Academic journal article Tamara Journal of Critical Organisation Inquiry

In the Wings: On the Possibility of Theatrical Space

Article excerpt


This text inquires in a poetic way the possibility of theatrical space by exploring the question "what space makes theatre possible?". The central argument is that threatre creates an intensive yet fragile space of possibility and the possible through creating affects. The text, written in between a prelude and an epilogue, approaches this space of desire and intensity indirectly by exploring the perspective of audience, actors and "angels" as they are seized by desire and awaiting the play in the wings. We argue through interweaving these three angles that every play presupposes a twilight zone, a connecting boundary which forms a transition into the magical where dream and desire can take over, where the virtual and the everyday can become connected and where new lines of flight might emerge. The aesthetic experience of theatre is characterised by participating in a clearing of openness where truth happens and where its practical implications might be heard. There is no change possible without engaging with the open-endedness when entering the wings of theatre.


Enter: The caterpillar -

Creeping up their sleeve -

Looking for a space.

Wrapped in expectation -

Cocooning, soft and safe -

Away, yet in it all.

Exit: the butterfly -

Feeling of being possible -

Wings unfolding.

Theatrical Lines of Flight

"The rest is silence" is how Hamlet ends his part in the play and how Robert Wlson starts his monologic version of Hamlet to indicate that it is as much here that the play starts, that play becomes possible. The possibility of theatre is the silence, a line of flight that affects us.
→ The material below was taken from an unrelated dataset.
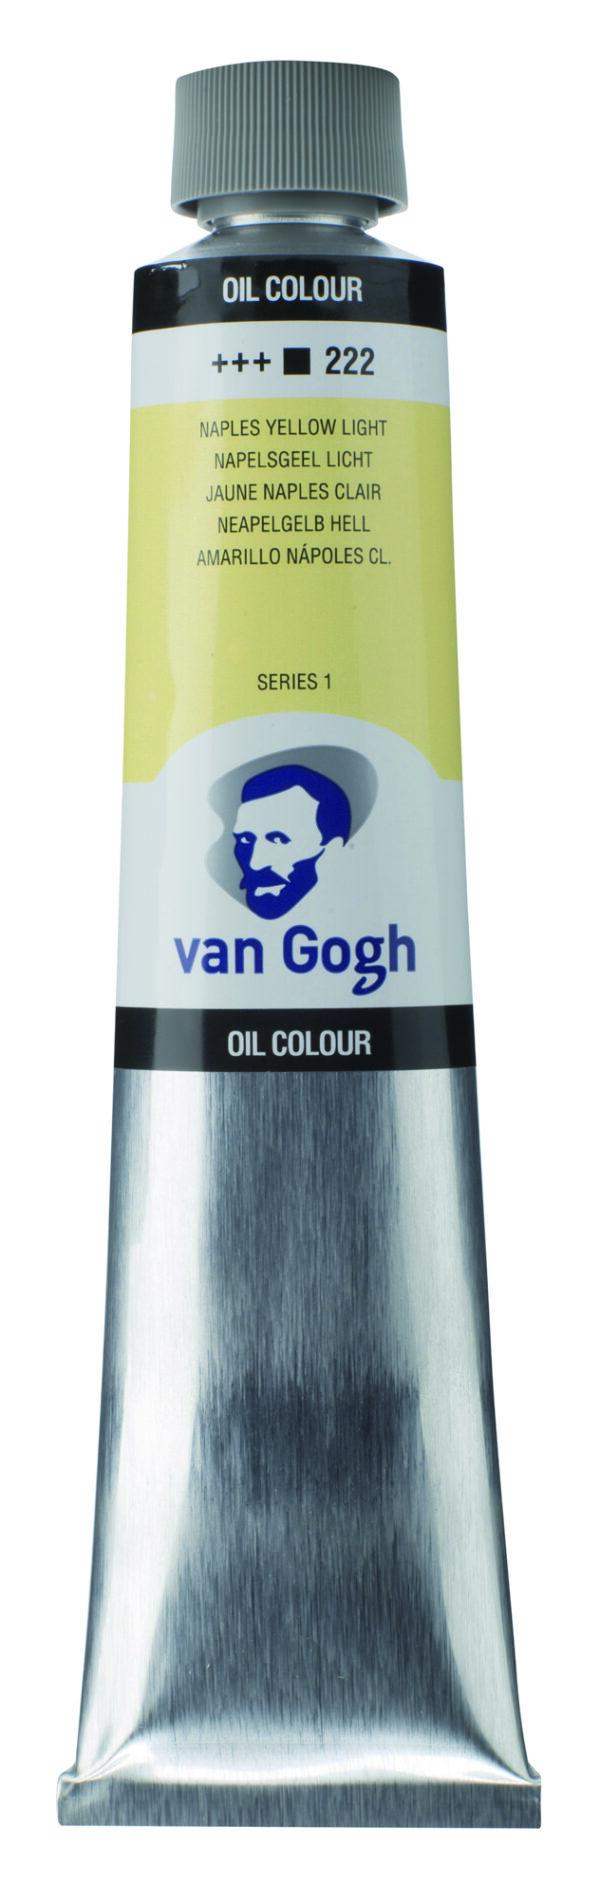 Van Gogh 222 Naples yellow Light - 200 ml

There is quite some magic in the silence before a play starts and theatre becomes possible. It is the moment when one hears the echo of the theatre bell, when the lights are dimming and last coughs are dying out. It is a silence of intensity and tension that asks the Lyotardian question: "Arrive-t-il?" does it happen? It is when you keep your breath while you should be breathing out.
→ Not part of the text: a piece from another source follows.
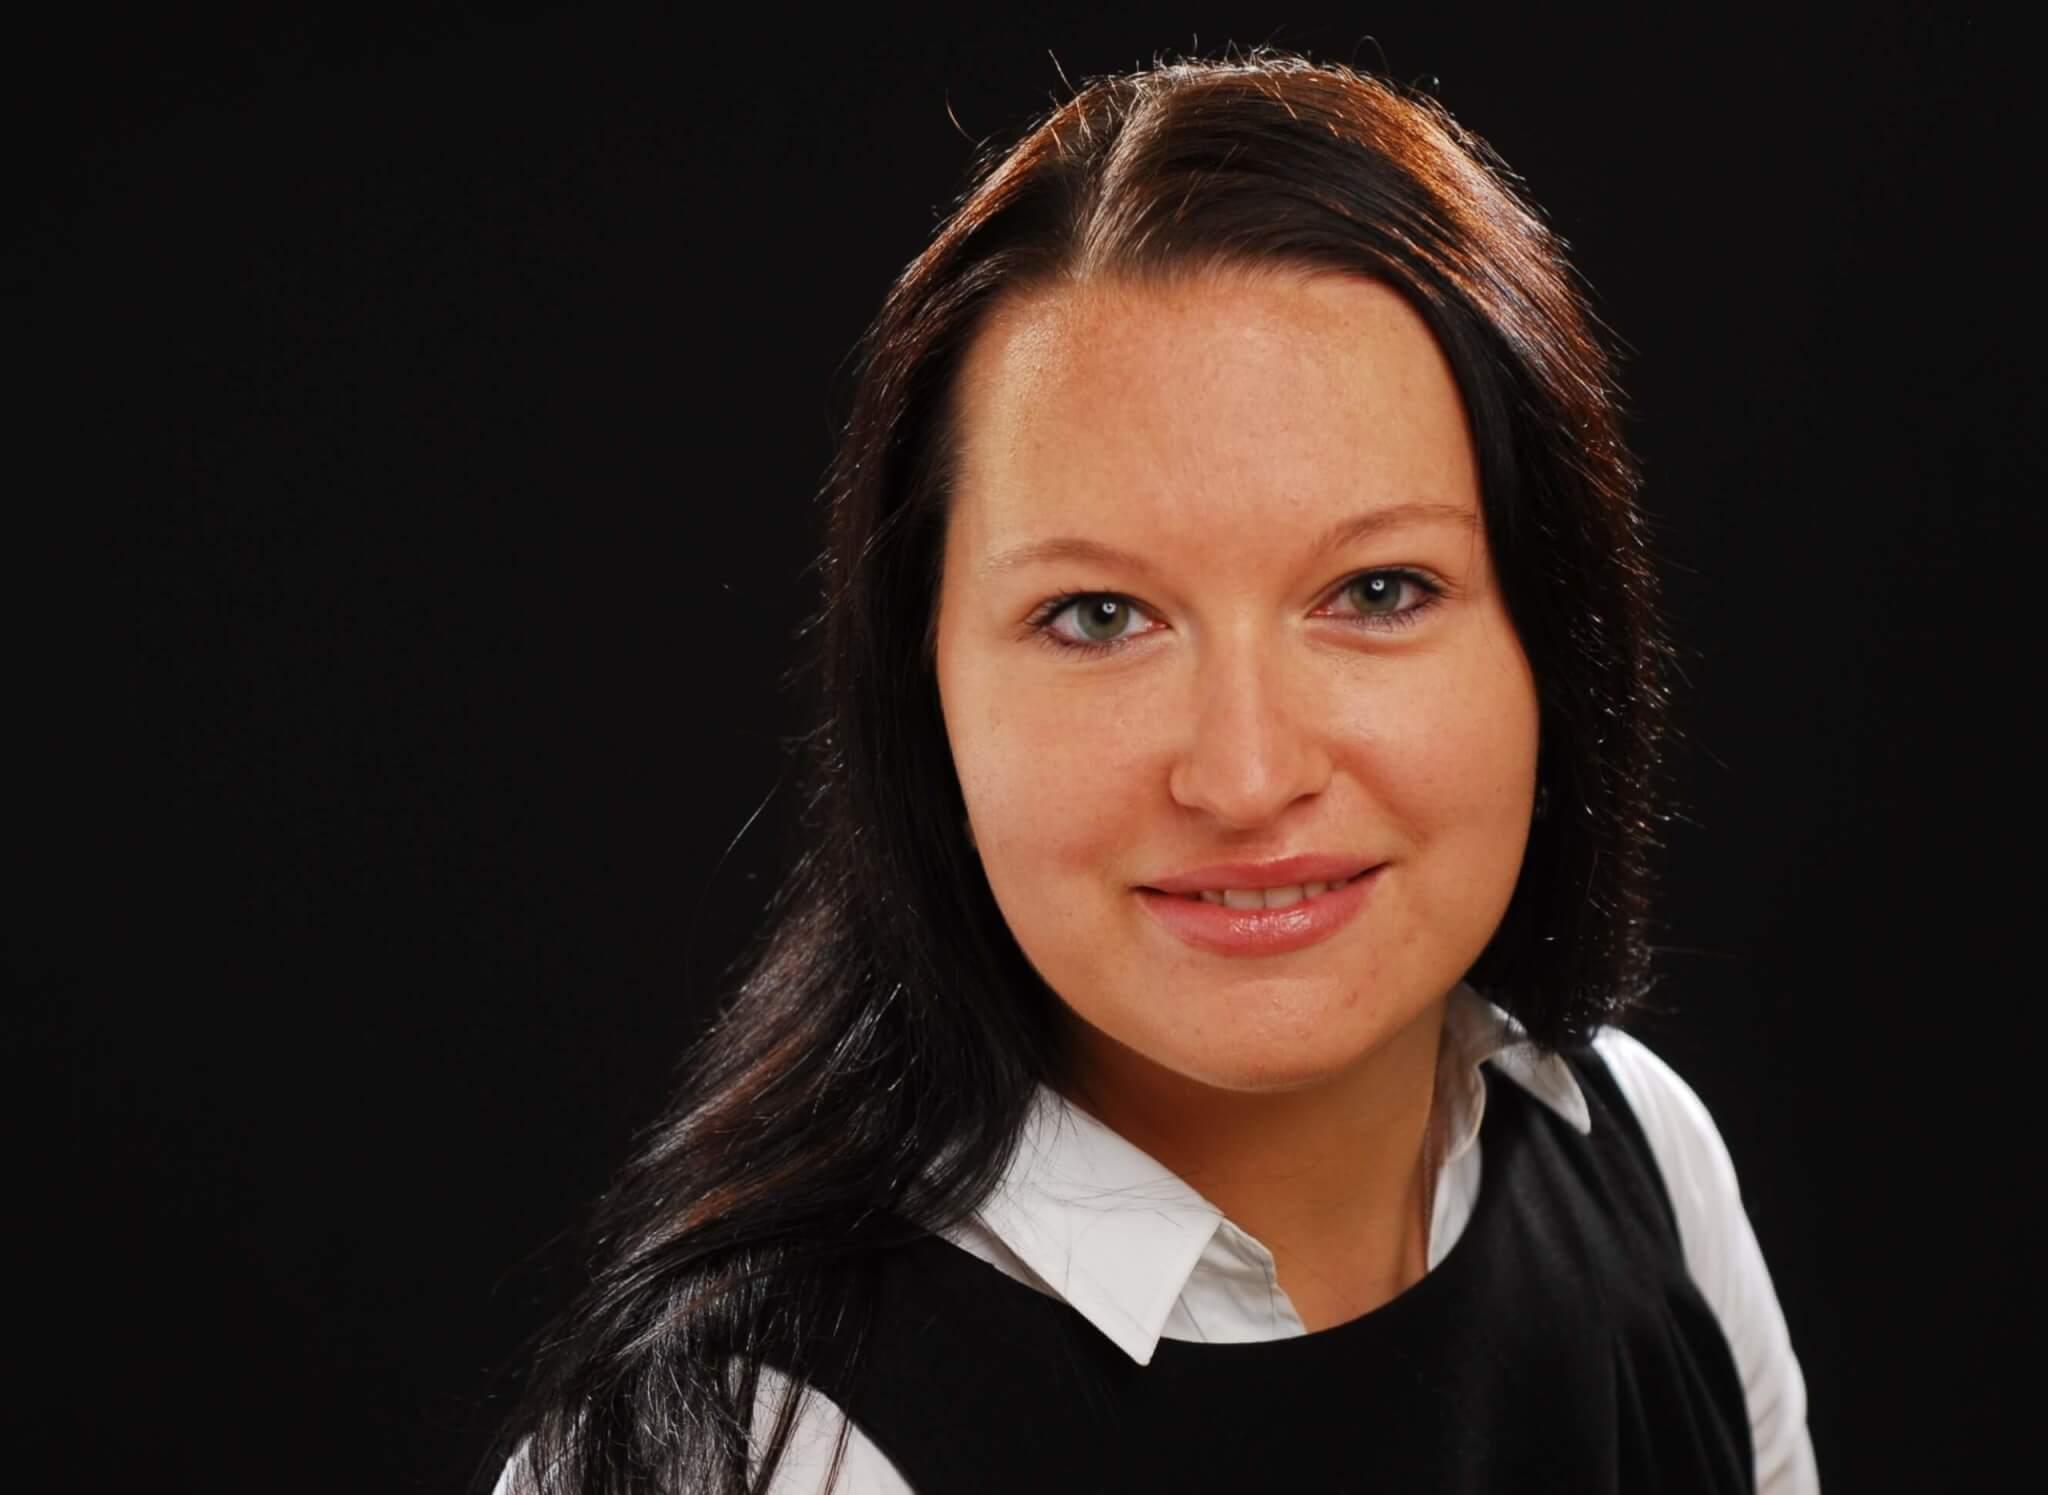 Yvonne Gasch

There is also quite some danger in that silence, alerting us to the fragile space of theatre. Any moment that space can implode, any fraction of time might escape us, a resonance might start: an anticipation of transformation.

Theatre is a space of possibilities, a space of the possible. This is our question: What space makes theatre possible? What does it mean to consider the performance space as the site of possibility? What is this hierophantic space (Gk. hieros, holy; phainein, to show) which is the site of ritual, the place of theatre. In theatre, everything is possible; nothing is fixed. Time collapses and slips, characters change, transform themselves, gender is fluid, nothing is disallowed, everything and anything can enter the site. Nothing is what it seems. These familiar attributes of theatre come to represent a place where anything is possible. So it provides an opportunity for the most "dramatic" and revealing transformations to take place.

For our answer, we will not enter the stage directly, nor try to conceive the theatrical space unswervingly since no representation of this "empty space" is possible. The only possible way is by entering the wings, the sides of the scene, the off-scene. The wings surround the scene and form the scene. From the wings, audiences, actors and angels - each with their own angle - go out and meet on the inbetween stage. The interplay of their multiple outlooks - this multiple authorship creates the intensity and the surprise that is called theatre.

Now the bell rings! Follow the audiences gathering in the foyer. Look at the actors waiting in the wings. Take on the wings of angels and troubadours that make magic and carry them like the Gods that brought us theatre. Silence emerges. Imagine to be in Shakespeare's A Midsummer Night's Dream and to hear Benjamin Britten's operatic music where three parties form our three angles we think co-construct the possibility of the theatrical space: the lovers as audience who watch the play by the craftsmen; the craftsmen who as amateur actors rehearse their upcoming play and the fairies who like angels intervene in matters of life and love. …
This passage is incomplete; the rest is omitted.